Is Industrial Policy The Right Answer For India?
In the wake of the recently introduced Production Linked Incentives in various sectors, and the immense efforts being made to jump-start the semiconductor ecosystem, these questions take on some urgency. There are a number of factors, including the putative ‘demographic dividend’, and the fact that India is in the $2000+ GDP per capita range, which is often a takeoff stage.
Industrial Policy now has another driving force: national security, from at least two perspectives. The first is that India was for quite some time the world’s biggest buyer of defence equipment. It is a huge risk because of potential embargos. Second, it is clear that depending on others for crucial components can be potentially disastrous: remember US technology denials in supercomputing, and cryogenic engines, as well as China’s sudden decision to deny Japan rare earth supplies.
But there are some downsides too. India’s earlier flirtation with state-guided growth, as in the Five Year Plans, ended up in the debacles of the License-Permit Raj, large-scale nationalisation, and a ‘hybrid economy’ which was the worst of both worlds, capitalist and socialist. More recently, the ‘Make in India’ lion mascot has been quietly shelved, and despite Atmanirbhar Bharat, our trade deficit with China continues to soar.
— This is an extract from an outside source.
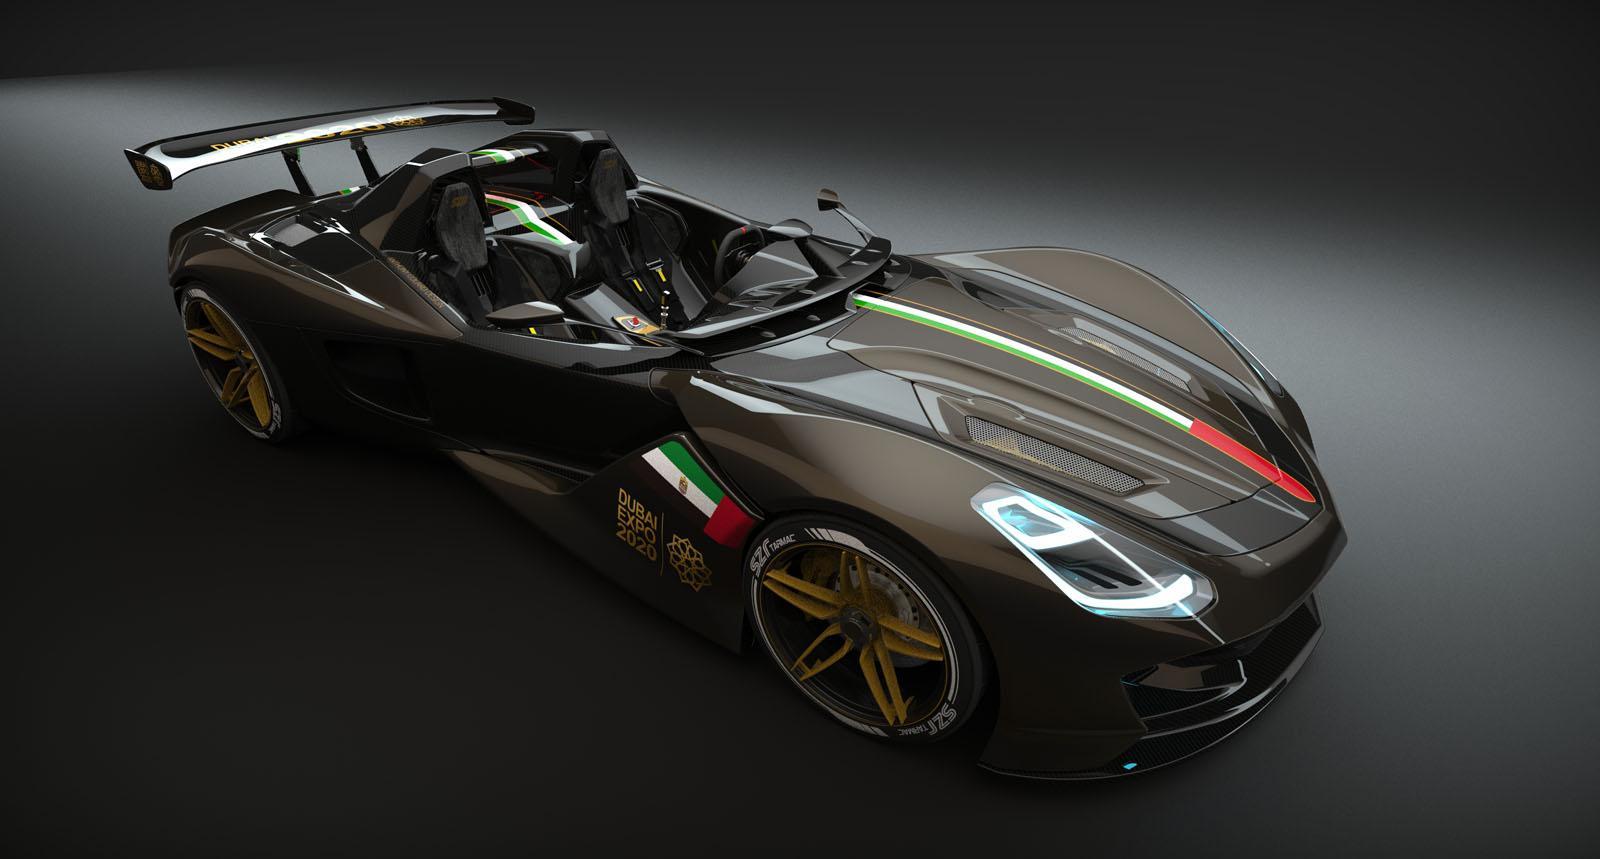 dubai roadster concept  el s u00faper deportivo  u00e1rabe

The ghosts of the mai-baap sarkar and the ample mammaries of the welfare state continue to loom over India. Just a week ago, aspiring railway employees set fire to trains out of general frustration: it is reported that 1,25,00,000 people applied for 35,281 positions. The attractions are obvious: government jobs mean no accountability, no performance reviews, no chance of dismissal, plus baksheesh and pensions. This breeds mediocrity, as in the Soviet Union.
Is Manufacturing Important?
In a word, yes. Indians dazzled by the success of the IT services industry may not agree, and to give credit where it is due, it has provided decent jobs and created wealth (in many cases, extraordinary wealth) for a lot of individuals, but it is still a drop in the bucket.
According to Association for Computing Machinery, there is a total of four million direct and 12 million indirect jobs in IT, but that doesn’t begin to address the problem of providing jobs to the perhaps 10 million young people entering the workforce every year, often with a poor education that has taught them no skills.
Besides, manufacturing cannot be seen merely as a provider of jobs for the teeming masses: its effects persist. It may have a critical role in the creation of dynamic competencies that enable a nation to be resilient to changes in the industrial and trade environment. It is well-known that entire industries do have a lifecycle S-curve, wherein they rise, plateau, and despite possible mid-life kickers, they eventually decline. The physical and financial infrastructure, the supply chain linkages, and cluster effects, however, have lasting value: see how, for instance, Silicon Valley has weathered several waves of disruption and may yet recover from the latest.
In 2004, Dani Rodrik at Harvard wrote an influential paper titled Industrial Policy for the 21st Century. But these ideas are not new. In a seminal paper from 1986 in Research Policy titled Profiting from Technological Innovation: Implications for Integration, Collaboration, Licensing, and Public Policy, the Berkeley economist David Teece provided a grim warning against deprecating manufacturing:
… Put differently, the notion that the United States can adopt a “designer role” in international commerce, while letting independent firms in other countries such as Japan, Korea, Taiwan or Mexico do the manufacturing, is unlikely to be viable as a long-run strategy.
Teece was prophetic, as China has demonstrated by de-industrialising the US. This explains America’s huge and growing trade deficit with China, and the US is hanging on largely because of the fact that the US dollar is the world’s reserve currency. If and when that changes, the US economy will be in trouble.